Иван Петрович переждал, пока говорливая супруга закончит, и продолжал:
— Кто довел страну до такого состояния? Я хоть сам партиец, а скажу честно: мы в этом виноваты, мы, большевики!
— Я беспартийный, — сказал Петр Николаевич, — но думаю, что виноваты капиталисты.
— Извините-подвиньтесь! Оттого, что мы будем валить вину на других, она не перестанет быть нашей виной. История показала, что Октябрьская революция была необязательной.
— Вы так думаете? — сурово спросил Петр Николаевич.
— Кровь напрасно проливали. И вот видите: хозяйничать некому и торговать нечем. — Иван Петрович выставил вперед ладони, как будто защищался. — Я знаю, вы скажете: каждая кухарка должна уметь управлять государством.
При этих словах Подагра Ивановна закатилась от смеха.
— Кухарка управляет государством!.. Я как гляну на свою Акулину, да как представлю ее на месте царя… прямо умираю со смеху!
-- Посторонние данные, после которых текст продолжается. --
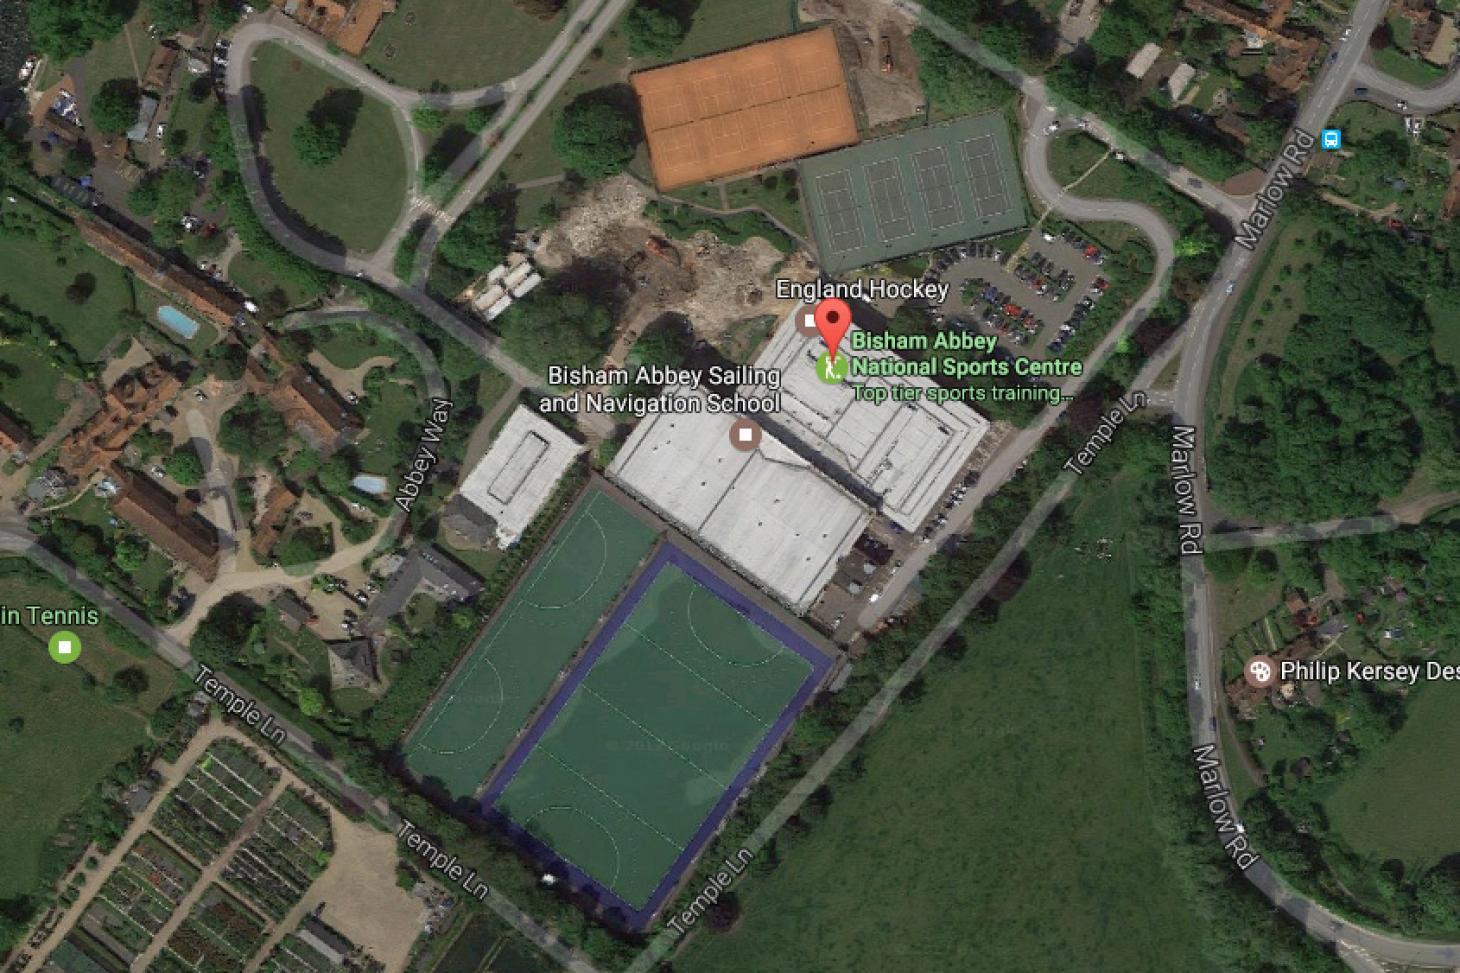 Bisham Abbey National Sports Centre Outdoor   3G Astroturf hockey pitch

Она молоком-то не умеет управлять — вечно убегает из кастрюли.
— Никто не спорит, — продолжал Иван Петрович, — рабочие и крестьяне — люди необходимые. Скажу больше: без слесарей, котельщиков и дворников мы обойтись не можем. Но поймите, что эти люди не могут вести хозяйство страны. Нужны специалисты вроде нас с вами, милейший Петр Николаевич. Мы заняты лесоводством, а сколько в государстве других дел! Финансы, дипломатия, железные дороги, учебные заведения. Где у нас учителя, где ученый мир? Или за границей, или, простите за выражение, торгуют на базаре подштанниками. Надо было сначала выучить рабочих расписываться, черт возьми, а потом делать революцию и доверять им государство! — Иван Петрович махнул рукой, грузно сел на заскрипевший под ним стул, заткнул салфетку за воротник и уже другим, повеселевшим голосом обратился к тете Лизе: — Елизавета Никитична, налейте лучше чайку, да покрепче. Оставим политику, ну ее к свиньям! Правильно я говорю, Аграфена Ивановна?
— Если объявили вольную торговлю, теперь появятся продукты, — сказала Подагра Ивановна.
— Поросята уже дешевле стали, — заметила тетя Лиза.
— Сено дорого, — добавил дедушка, — совсем нечем кормить Белянку.
— Скоро ли погоним коров на свежую травку? — спросила Подагра Ивановна.
— Теперь скоро. — Бабушка кивнула на Илюшу: — Вон и пастух сидит.
Гости набожно перекрестились на икону в углу и пошли одеваться.
В полутемной передней Подагра Ивановна продолжала говорить:
— Как хорошо, что Женя объявился! А мой Олег где-то скитается, а может быть… — Она всхлипнула и вытерла платочком глаза.
— Бог даст, живой, — посочувствовала тетя Лиза.
— Петр Николаевич, посоветуйте, какое заведение выгоднее открыть: мебельный магазин или свечной завод. Слыхала я, что на свечах можно заработать.
— Дегтем торгуйте, — подсказал Петр Николаевич, и было непонятно, смеется он или говорит всерьез.
— Деготь пахнет дурно.
— Если он приносит денежки, то и деготь становится благоуханным! — смеясь, сказал Иван Петрович.
Каретниковы долго прощались. Уже на пороге тетя Лиза потихоньку спросила у Подагры Ивановны:
— Вещи свои когда заберете?
— Как-нибудь после… Шубу моль не тронула?
— Не беспокойтесь, своими руками все перетряхивала.
— Ужас какое время пережили! — воскликнула Подагра Ивановна и закатила глаза. — Свое же добро приходилось прятать у людей… Ну слава богу, кажется, все возвращается к старому.
Глава седьмая
СТЕПА СВЯТОЙ
Эй, пробудись ото сна вековечного,
Русский рабочий народ!
Душу и тело сковали оковы —
Сбей их! И смело вперед!
1
Солдатская улица была окраиной города, зимой заваленная сугробами, летом заросшая травой, где играли ребятишки и паслись гуси.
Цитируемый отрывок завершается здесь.